And we now return to the emotions and the emotional core. Let us make the abstraction that this organ is an independent entity. Like any system, it would have form-structure, function-content and energy-information. It would constantly be in communication with its environment (the external world and the internal world), absorbing, transforming and emitting energy-information, losing or gaining functional energy, depending on the efficiency with which it functions. If there are many experiences within the individual that are not adequately assimilated by their emotional core (loss of energy and increased entropy and mental and emotional disorganization), then they will undoubtedly have a tendency to make bad decisions; they may live with a growing sense of unease, poor character and frequent conflicts, at least in their inner world. They will also present a significant number of excesses and shortcomings, as well as a need to malign themselves and others. Their social relations will be based on emotional dependence, bribery or blackmail and on sustaining their unfavourable situation, or else they will project it towards their surroundings, in a perverse defensive mechanism in which they will sweep away those who are unable or unwilling to defend themselves. All this will negatively feed back into their psyche through recurrent exposure to bad or distorted experiences that will make achieving a better level of emotional and mental balance increasingly difficult. By contrast, if, throughout life, the experiences that are processed and absorbed by the emotional core have helped the person to develop (increasing his or her energy and symmetry) and the decisions made have been correct, the psychic and mental balance will be enhanced. A particular and growing richness of nuances, a sound capacity for reasoning, as well as a better adaptation to the surroundings and the social environment, and an absence of significant excesses or deficiencies will all be manifested.

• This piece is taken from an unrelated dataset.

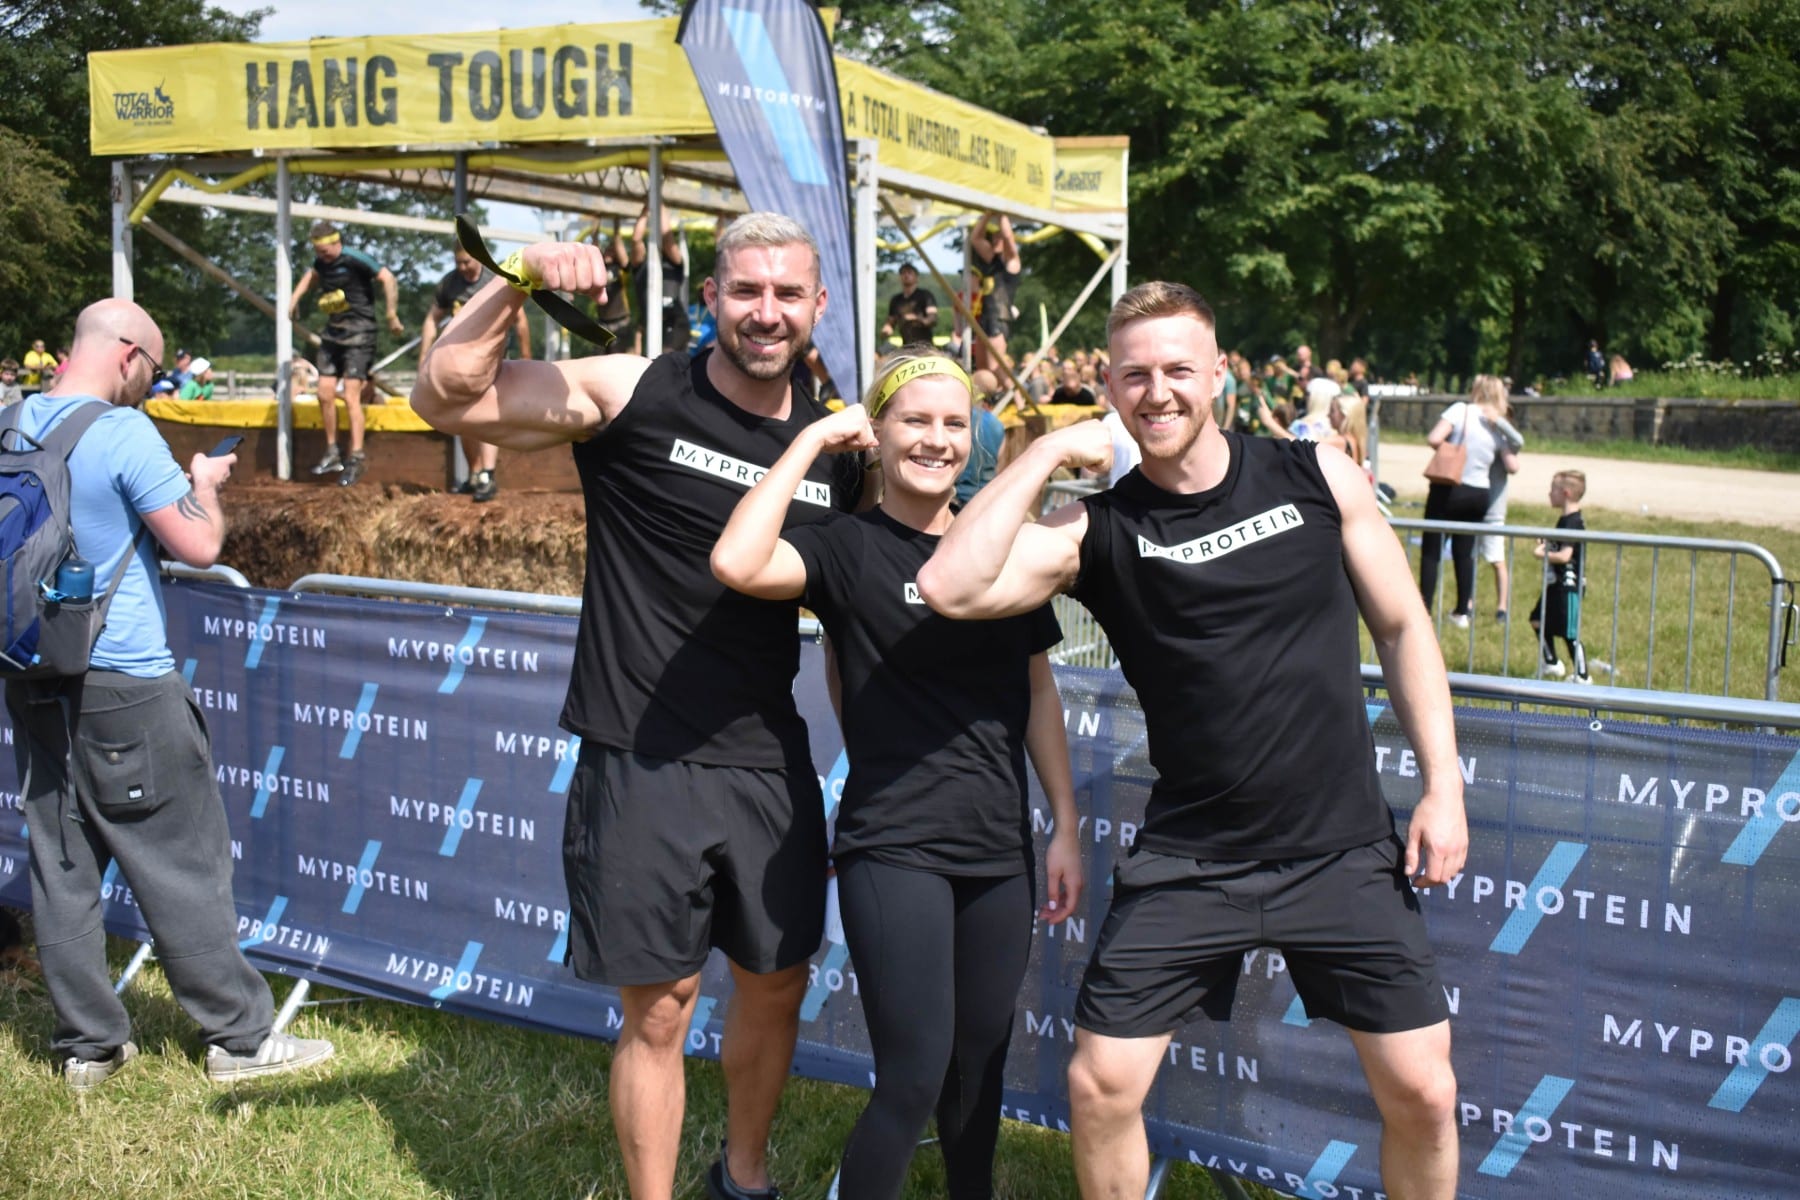 I Tried The Total Warrior Obstacle Course… This Is What Happened

All the same, what I have stated in the previous paragraph is not altogether correct. I have observed how there are people who get along very well in their lives and who do not appear to have great emotional disharmonies or a negative relation with their environment. They may even be very successful social figures who are examples to follow in the world in which we live. However, when I do readings of such people, it is extraordinarily difficult for me to find someone who has a developed emotional core, that is to say someone with a high degree of emotional symmetry. Years ago, when I began to have the ability to perform these bioenergetic readings, I was shocked to see how apparently balanced people failed the test completely. Nowadays I understand how this is possible. Obviously, we must first rule out those cases in which the person appears to be very balanced, but then furtively manifests perverse or even criminal or sociopathic behaviour out of sight of their nearest environment. Once these are removed from the equation, I will explain the cases in which the person does not really manifest deviant behaviour, and yet their emotional core is in a very poor state. On the one hand, there is the cave effect. Hardly anyone has ever left the cave in which we live, and so we believe that the shadows we see represent reality, and, at most, we are sometimes able to distinguish between different categories of shadows and mirages, while at other times we are not even able to do this. The other reason is that our psycho-social and educational development is completely focused on the acquisition of sensory, but not emotional, competencies. Many people have succeeded in replacing emotional functions with sensory skills, that is, they are capable of doing valid and complex things, as well as relating to others by manifesting actions through their senses, body and language. I call this development experiential symmetry, the combination of intellectual, social and economic functions. This is why it is so difficult to explain how important it is that we also develop our (truly) emotional side. Later on, in the chapter on emotional symmetry, I will expand on this.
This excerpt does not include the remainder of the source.